Evaluate the Business Risk
To understand if your business faces key person risk, answer the following questions:
- How much time and money will it take to recruit a replacement?
- Do you think it will be difficult to retain such a person and find a similarly skilled replacement if need be?
- If this person goes on leave (planned or unplanned), will the business continue operation as before?
- Will there be severe financial consequences if this person leaves suddenly?
- Will your competitors take advantage of the loss of intellectual property?
- Are there additional costs associated with attracting and retaining a replacement employee?
How to Mitigate Key Person Risk
Understand the issue and identify key people. An excellent place to start is to conduct a thorough workforce analysis to identify key people. Next, rate those employees according to the grade of risk they represent (high, medium, low). Finally, set a work continuity strategy to empower other employees who can carry out those responsibilities when and if needed.

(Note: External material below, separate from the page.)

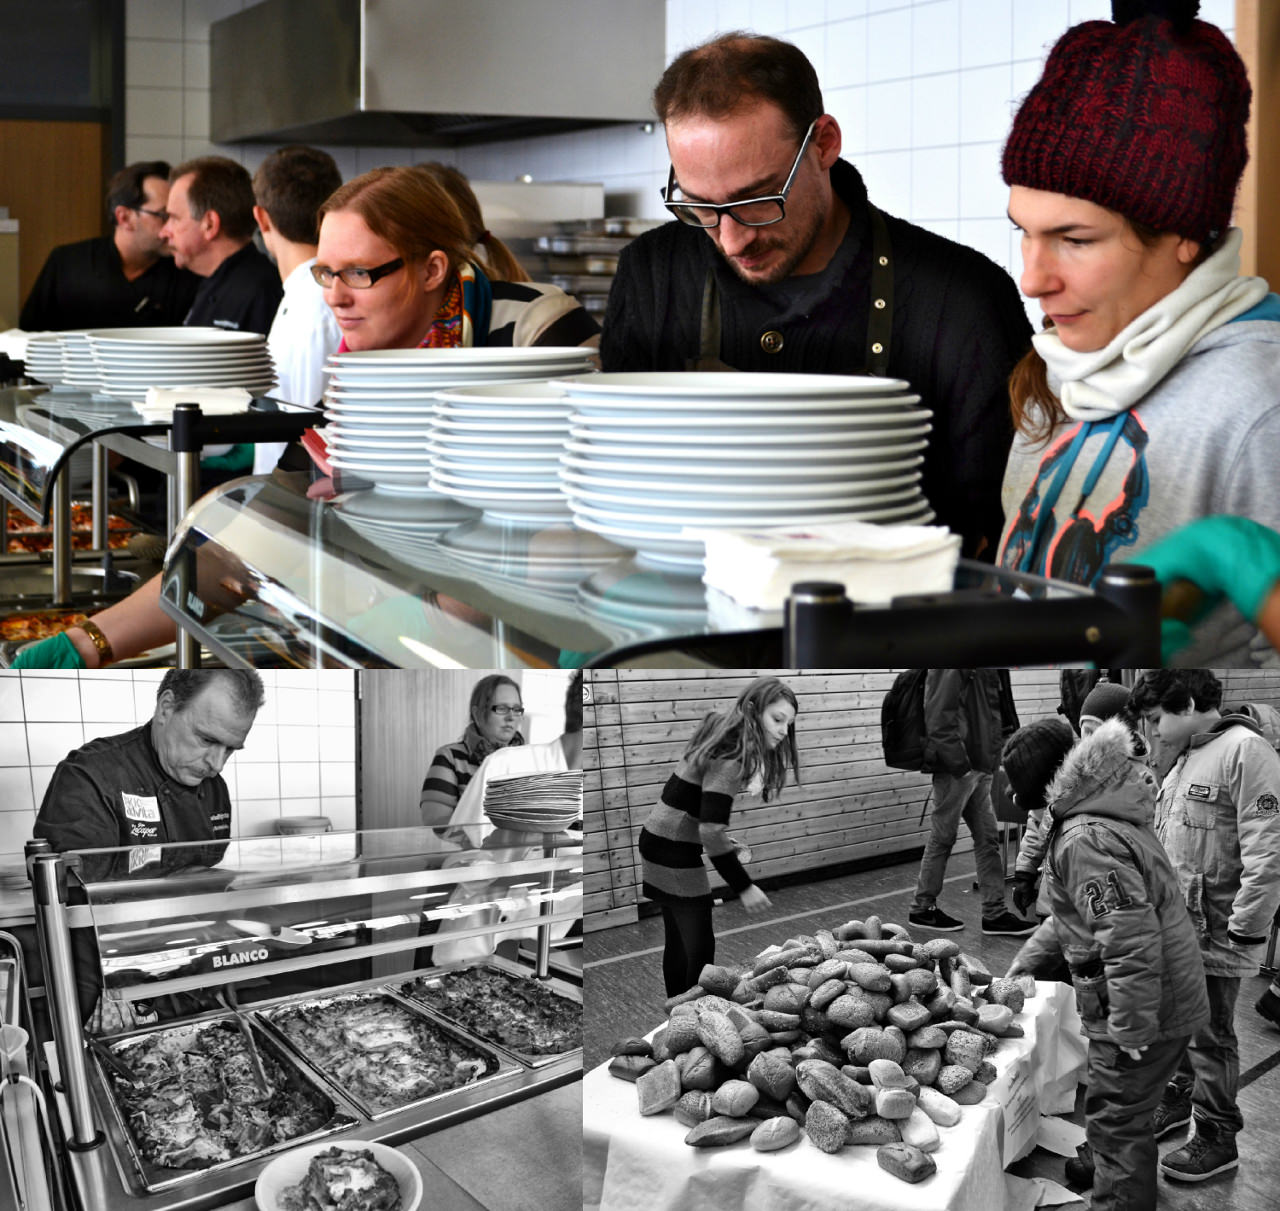 Foodfighters Kochshow in der IGS Emmelshausen.

Plan for succession by empowering someone else from the company. Begin by asking the key person to document their work, starting with a checklist of the tasks they perform. This inventory of work should include everything they have done and are doing. All such documents should be stored in a repository of shared knowledge so it’s accessible when needed.
Another way to mitigate the risk is to conduct extensive, on-the-job training of potential successors in key person’s domain. The “understudy” can gain essential knowledge through observation and imitation.
Reduce Key Person Dependency
Key-person risk can be mitigated in the following ways:
- Identify and train capable successors to stand in for the key person.
- Take out insurance on the key person (if needed) to cover the risk of financial loss incurred due to their departure.
- Set processes for mentoring, cross-training, work-shadowing, etc.
- Create standard operating procedures and document all business processes.
- Build an organizational framework to capture critical knowledge.
- Consider outsourcing technical tasks such as IT services, telecom, etc.